Não é a primeira nem a segunda, nem a terceira vez que “mexo nesta ferida”. Fi-lo aqui e continuarei a fazê-lo, até que quem de competência, direito e obrigação lhe dê o necessário e urgente tratamento.

Numa apreciação deste teor, é forçoso começar por ressalvar as excepções que sempre existem. Dito isto, já posso dizer que, num país como Portugal, onde a investigação científica e o ensino superior da Geologia estão ao nível dos que caracterizam os países mais avançados, é confrangedor assistir à iliteracia neste domínio (e não só) da quase totalidade dos Portugueses. Isto acontece porque, mercê dos programas, dos manuais usados, das orientações superiores e do tipo de exames em uso, os professores, em vez de poderem ensinar e formar cidadãos conscientes do mundo físico em que vivem, são levados a “amestrar” os alunos a acertar nas questões que lhes são colocadas nos exames. Isto é bom para os rankings e para as estatísticas, mas é mau para os alunos e para o País.

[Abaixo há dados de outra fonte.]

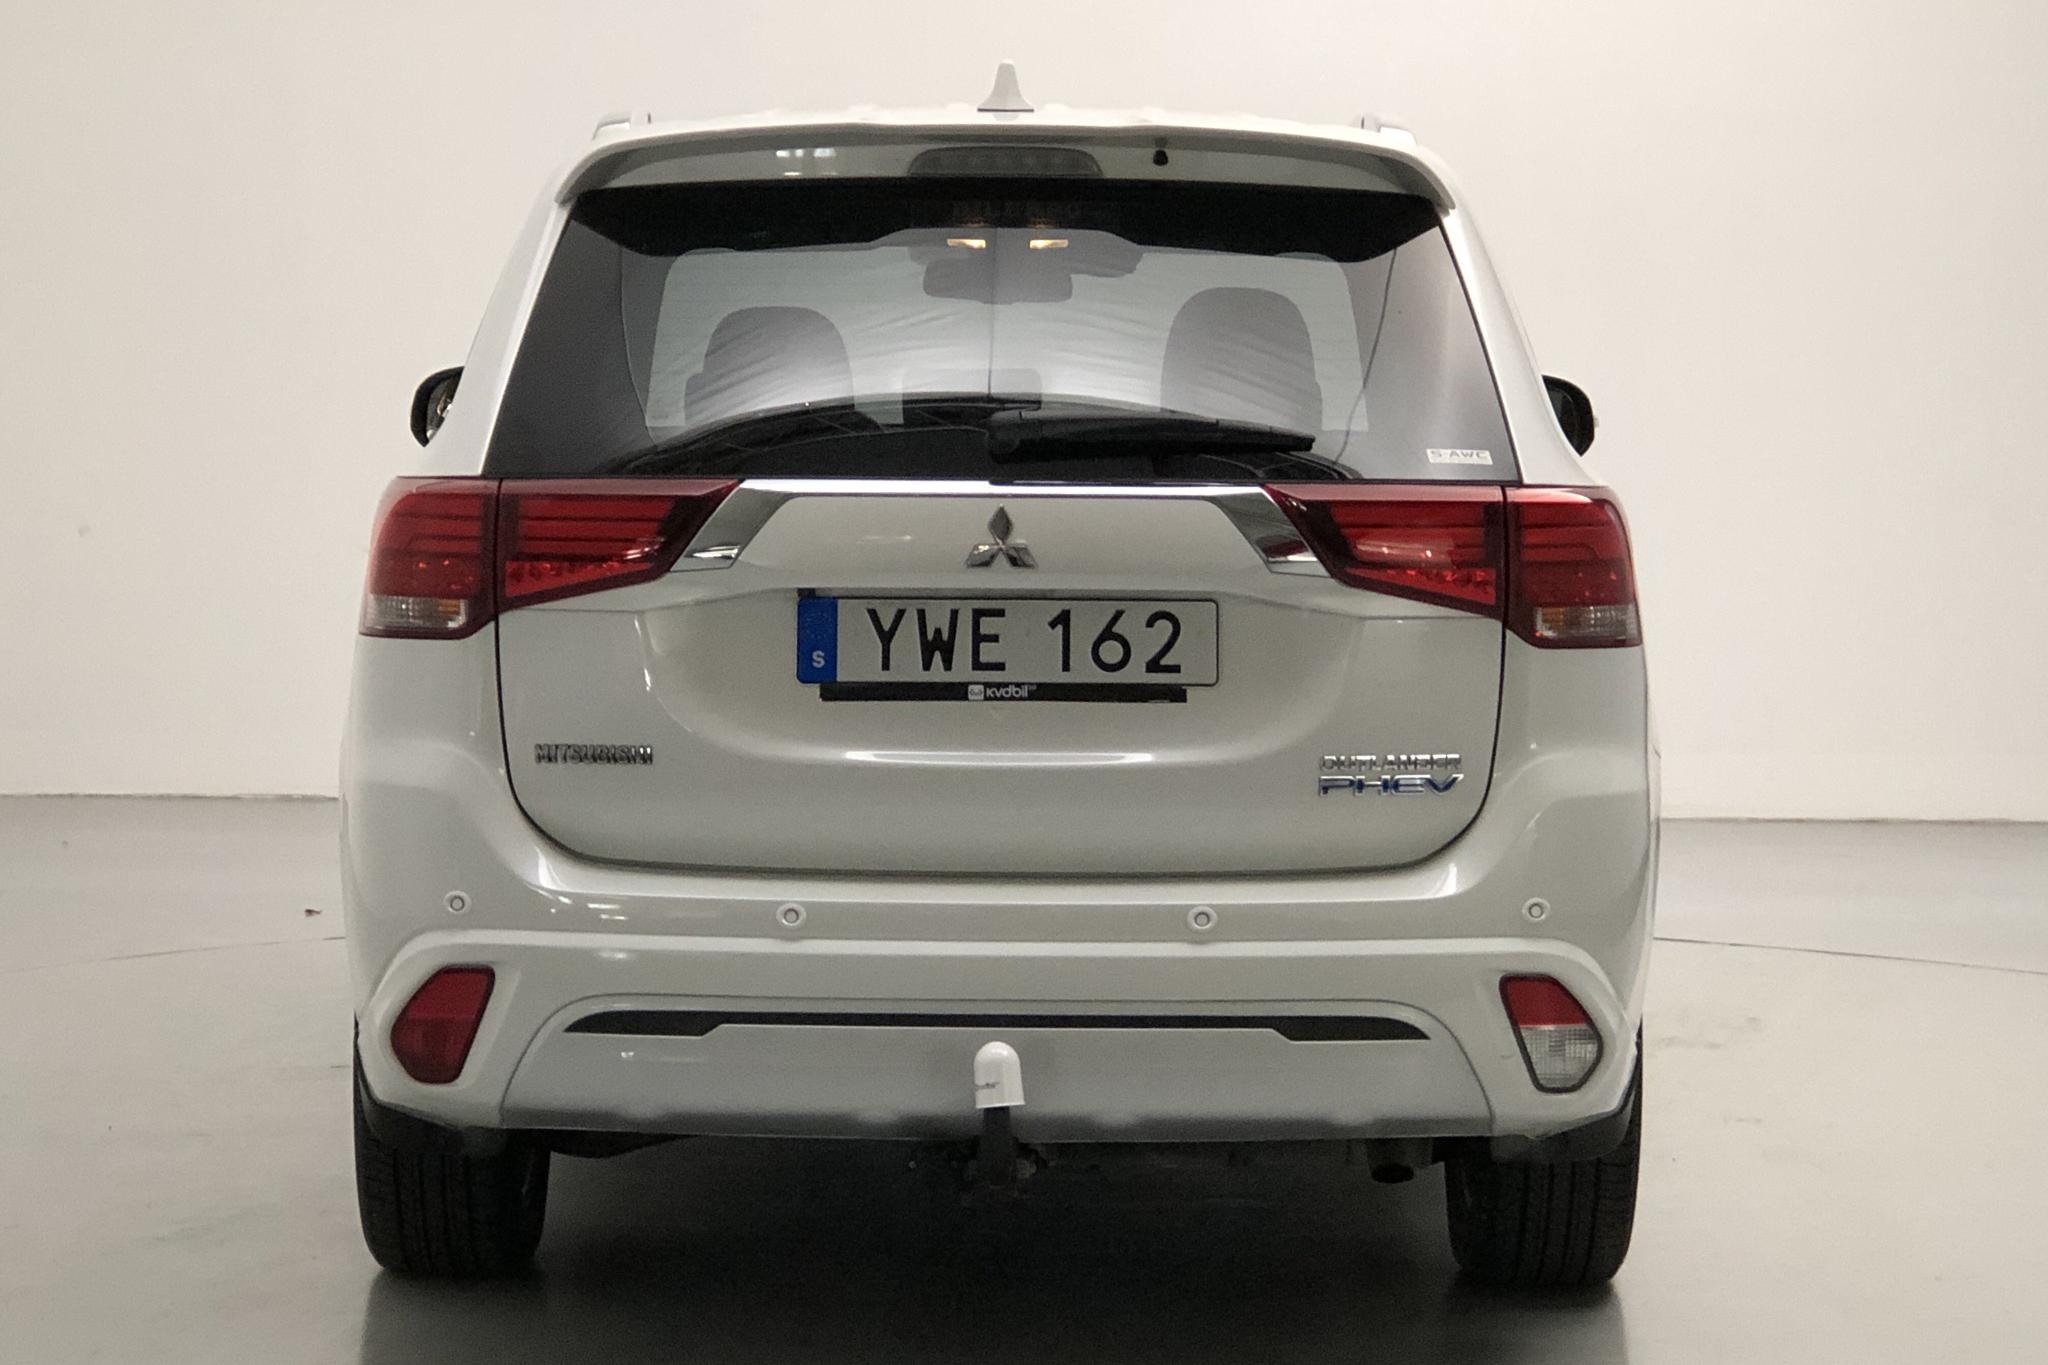 Mitsubishi Outlander 2.4 Plug-in Hybrid 4WD (136hk) - 49 760 km - Automatic - white - 2019

(dererummundi.blogspot.com)

De há muito que venho alertando, em textos escritos e em conversas públicas, para a pouca importância dada ao ensino da Geologia nas nossas escolas. Isto porque, em minha opinião, quem decide sobre o maior ou menor interesse das matérias curriculares parece desconhecer que a Geologia e as tecnologias com ela relacionadas estão entre os principais pilares sobre os quais assentam a sociedade moderna, o progresso e o bem-estar social. As minhas repetidas e insistentes diligências junto dos sucessivos governantes, no sentido de inverter esta deplorável situação, nunca surtiu efeito, o que é desesperante e lamentável.

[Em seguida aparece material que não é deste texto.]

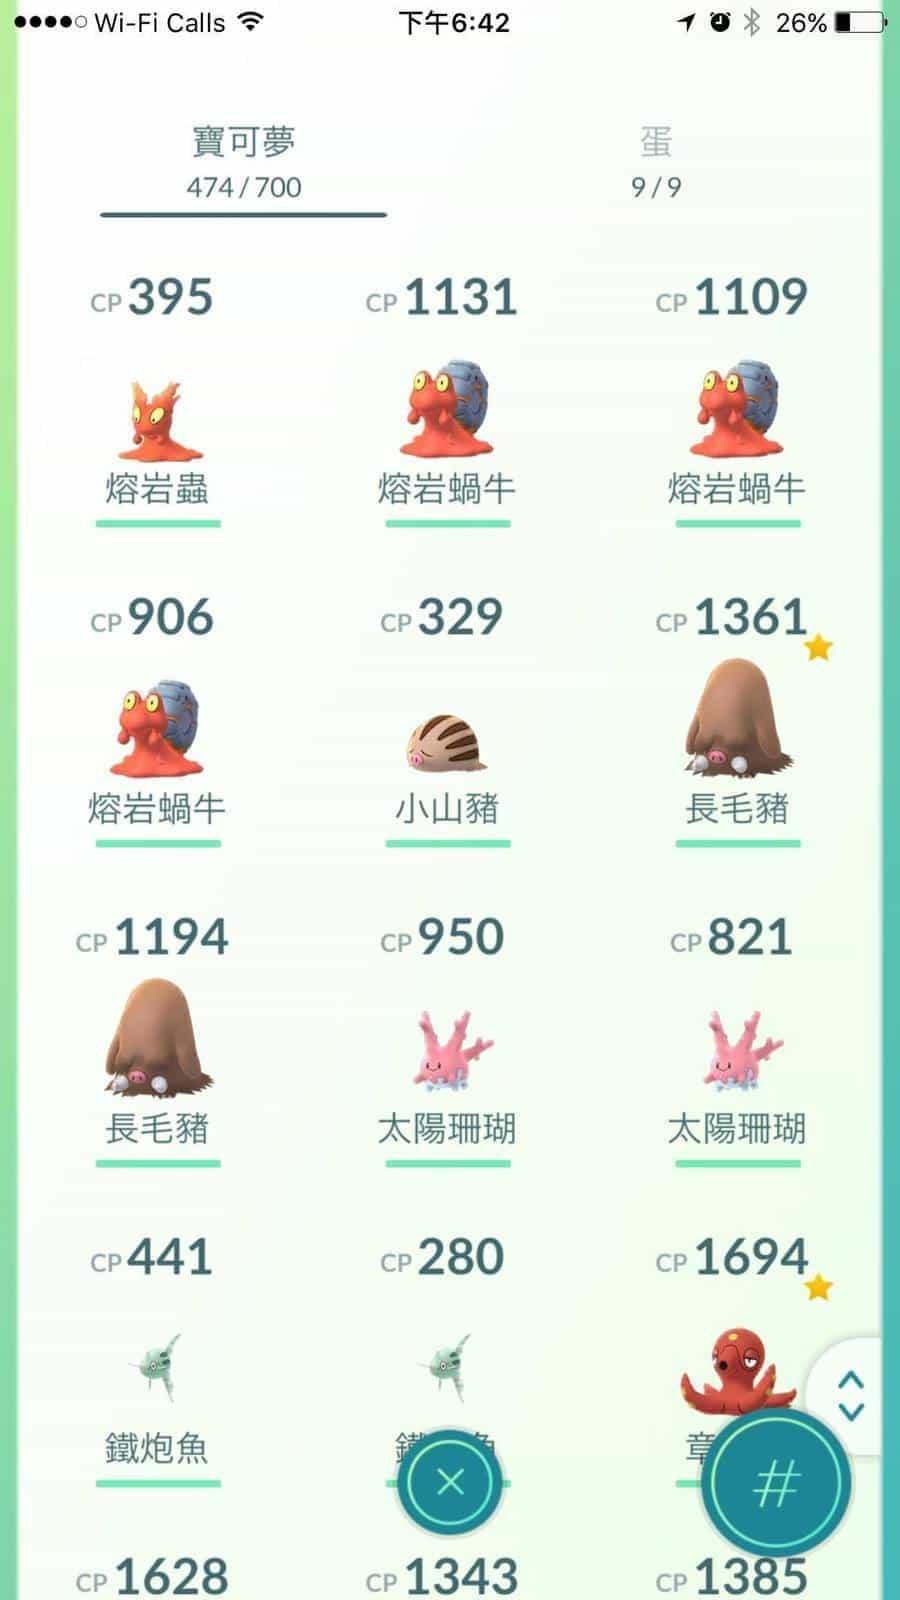 《Pokemon GO》中文更新教學 香港 + 臺灣精靈譯名混合 - 香港 unwire.hk

A verdade é que os nossos presidentes da República, ministros e secretários de Estado não conhecem a Natureza nem a história do chão que pisam e no qual assentam as fundações dos edifícios onde vivem e trabalham e, muito menos, as do país que percorrem. O mesmo se passando (com uma ou duas excepções) com os nossos autarcas, dos presidentes de câmara aos vereadores. A verdade é que esta iliteracia percorre todo o tecido social português, dos governantes aos mais humildes governados, dos generais e almirantes aos soldados e marinheiros, dos médicos e enfermeiros aos auxiliares de saúde, dos industriais aos operários, dos comerciantes aos funcionários públicos, dos artistas de todas as artes aos jornalistas, politólogos e comentadores de serviço, dos terratenentes ao operariado rural, dos juristas e economistas aos motoristas de táxi e jogadores de futebol. É um mal nacional que vem do passado e que se repete a cada geração. É um círculo vicioso que tem de ser rompido. E é ao nível da Escola que tem de ter lugar essa rotura.

(© Alagamares)

Mas, na Escola, a par do condicionalismo atrás referido, os professores estão sobrecarregados com tarefas administrativas e outras de que deveriam estar rigorosamente libertos. Estão mal pagos e muitos deles vivem longe das famílias ou perdem horas nos caminhos diários de ida e volta a casa e a contarem os tostões. Estão desmotivados e cada vez há menos candidatos a esta nobre profissão. Também é cada vez maior o número de professores a pedirem a reforma.

Neste contexto, é preciso dizer, claramente, que, a par dos muito bons e excelentes professores, num dos extremos deste universo, há os francamente maus, no outro extremo, instalados na confortável situação de emprego garantido até à reforma. Isto acontece porque a preparação científica e pedagógica dos professores (que deixa muito a desejar) não tem sido devidamente testada, através de processos de avaliação a sério, criteriosamente regulados, por avaliadores devidamente credenciados. Processos que uns não temem e aceitam, e outros repudiam e combatem. Neste problema das avaliações, os sindicatos, nivelando, por igual e por baixo, os bons e os maus professores, têm grande responsabilidade.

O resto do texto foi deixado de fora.